I felt my mom’s hand reach out for mine and grab it, so I looked over at her and saw an expression of fear and some other emotion I couldn’t place, smeared all over her face. My mom’s hand felt smaller than I remembered. I squeezed her hand, then she squeezed my hand back. I’m not sure if either of us knew who was comforting who. Somehow in the last minute, the whole dynamic of our relationship had just shifted again.
“What’s the plan then?” my mom asked, attempting to gather herself back together.
“Well, IVIG is still definitely the best option, but I’m getting all of these records of changing IV fluids, ER trips, and hospitalizations about electrolyte imbalances and V-tach due to low potassium sent over by the nursing home. I need to know what’s going on with that. We can’t do IVIG until I can see that we’ve had a solid six months on a stable amount of IV fluids with stable electrolyte levels and no crazy arrhythmias due to electrolyte imbalances.” Explained Dr. Hurrowitz.

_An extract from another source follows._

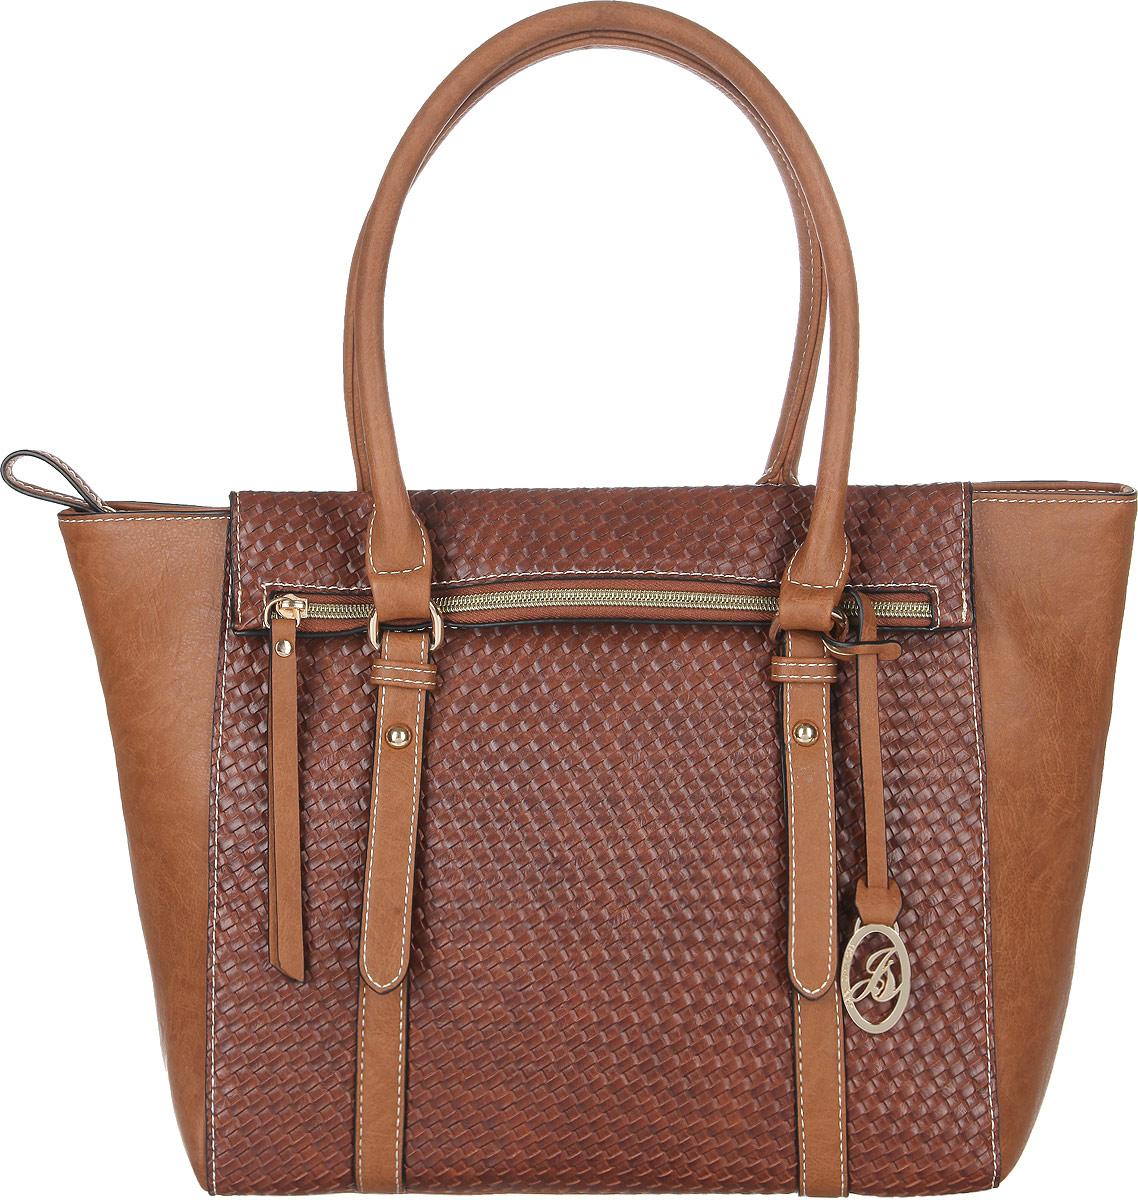 Сумка женская Jane Shilton, цвет: коричневый. 2058A-B86-05-CСтильная женская сумка Jane Shilton, выполненная из искусственной кожи, оформлена тиснением под плетение и дополнена фирменным брелоком. Изделие имеет одно основное отделение, закрывающееся на застежку-молнию. Внутри находятся прорезной карман на застежке-молнии и накладной открытый карман. Снаружи, на передней стенке расположен оригинальный карман на застежке-молнии, на задней стенке - прорезной карман на застежке-молнии. Модель оснащена двумя удобными ручками. Роскошная сумка внесет элегантные нотки в ваш образ и подчеркнет ваше отменное чувство стиля.

“That was Jillian,” I explained. Jumping in before my mom could shoot at any good guys. “She decided that people with SFN don’t need IV fluids and that I, in particular, didn’t need IV fluids and that I could get all of my fluids via J tube and tried to cut down my IV fluid and replace it with J tube water boluses. That caused major electrolyte imbalances and caused me to go into V-tach.”
“With the autonomic type of SFN you need the IV fluid to survive and the J tube water boluses are obviously, as you guys learned, not going to work. Is this Jillian still your provider?” Dr. Hurrowitz asked me.
“Yes,” I said.
“I will have a word with her then,” he assured me.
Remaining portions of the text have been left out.